I was once told that insurance companies should be told if you effectively change the spec of a car, but would have thought this would be ok though, as long as you don't plan a 150mph blast on the autobahn.
Re: TyreSpeed - Michael
ps, the v and h ratings have no bearing on profile or diameter, just the compound that the tyre is made of.
Re: TyreSpeed - Mark (Brazil)
Michelin 185/55V15
Michelin 185/65H15

one showing 65 and the other 55. Could have been a typo, I suppose.
Re: Handling changes. - Tim Allcott
Can someone explain why most tread has to be on the rear tyres?
The only way I can get the back to break away on my Passat is by doing handbrake turns on fresh snow in a (private) car park.
I suppose I could do it in the dry too, but the tyres wouldn't last long.
I'm just about to replace two rear tyres, and would normally put the new ones on the front, and the part worn on the rear
Re: TyreSpeed - Michael
well spotted Mark, trust me to read the words ("..For a lower speed but otherwise identical tyre.." ) and ignore the numbers.

Rick, please clarify.
Re: TyreSpeed - Rick Laughton

Apologies for the misleading information! I should have typed: -

Michelin 185/65V15 at £112 each
Michelin 185/65H15 at £68 each

i.e. identical other than the letter representing the speed!
Handling changes. - David Woollard
I've got to say faced with that dilemma on my own car I did the same. With mine it was a 185/65x14HR which I decided to downgrade on cost basis to the same sized Michelin but in an SR rating.

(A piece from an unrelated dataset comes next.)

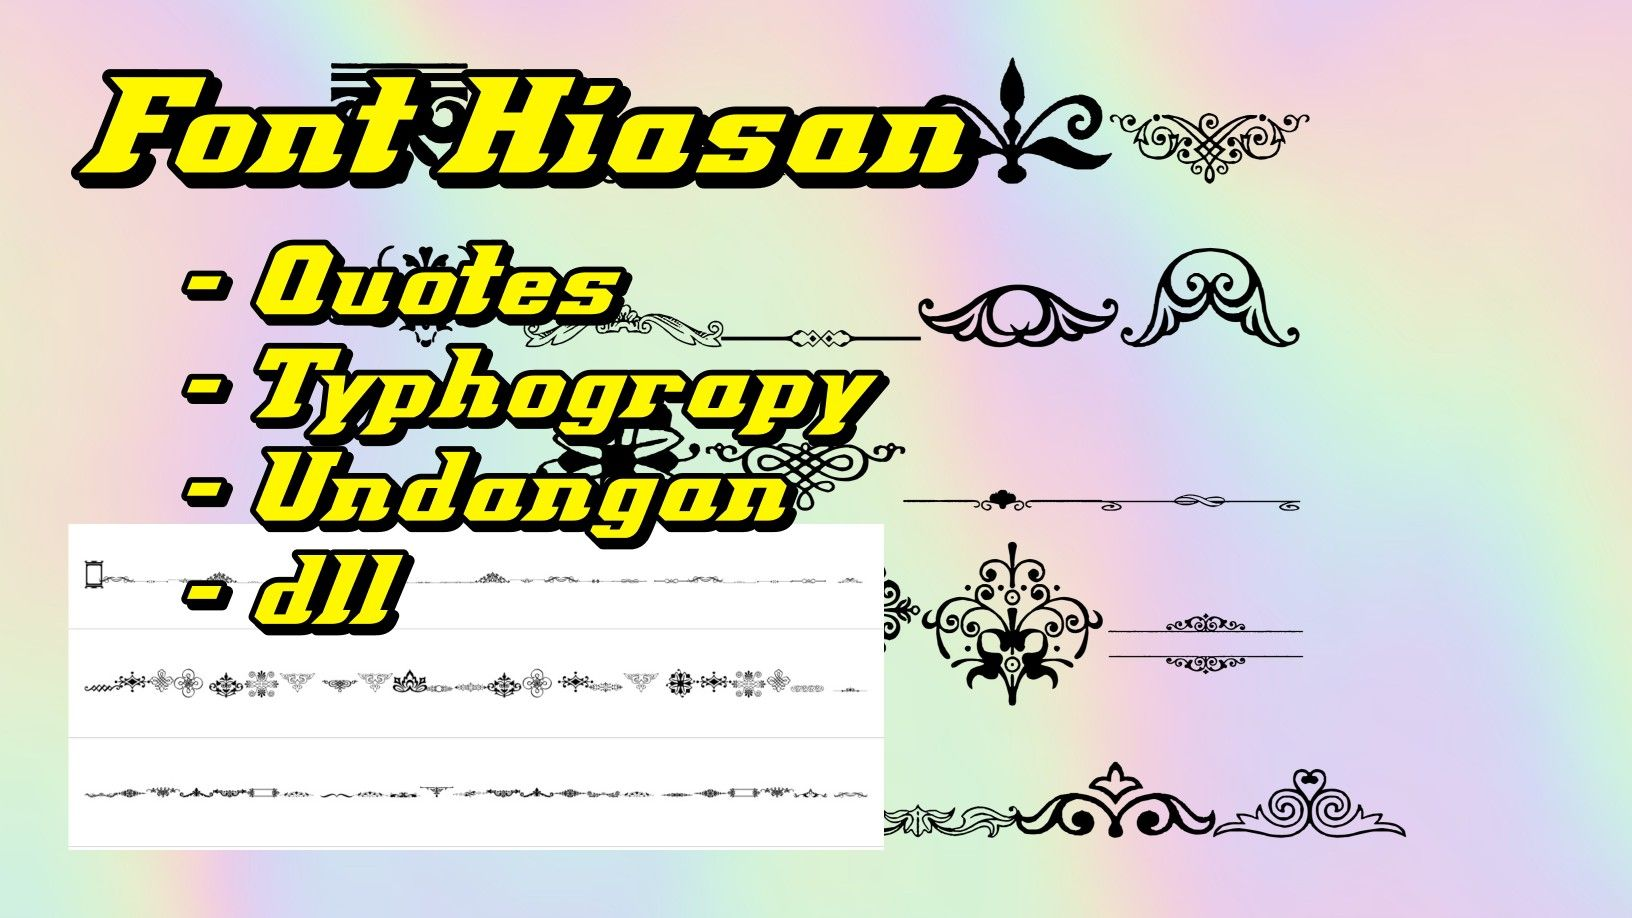 Kumpulan Font Keren Untuk Hiasan Quotes Typhograpy Undangan Typography Quotes Typography Quotes

When the tyres were fitted it was obvious the sidewall shape and tread contact patch was different. Also that made me think more about the different handling characteristics of the HR vs SR rubber compounds. What about a possible difference in wet road grip?

So within a couple of weeks I took off the SRs and found matching HRs to my existing ones. Otherwise I would have been many months with this front to rear mismatch.

The insurance question was another worry, as one of you said. I do think, in the event of a claim, this issue could be looked at by a vehicle examiner.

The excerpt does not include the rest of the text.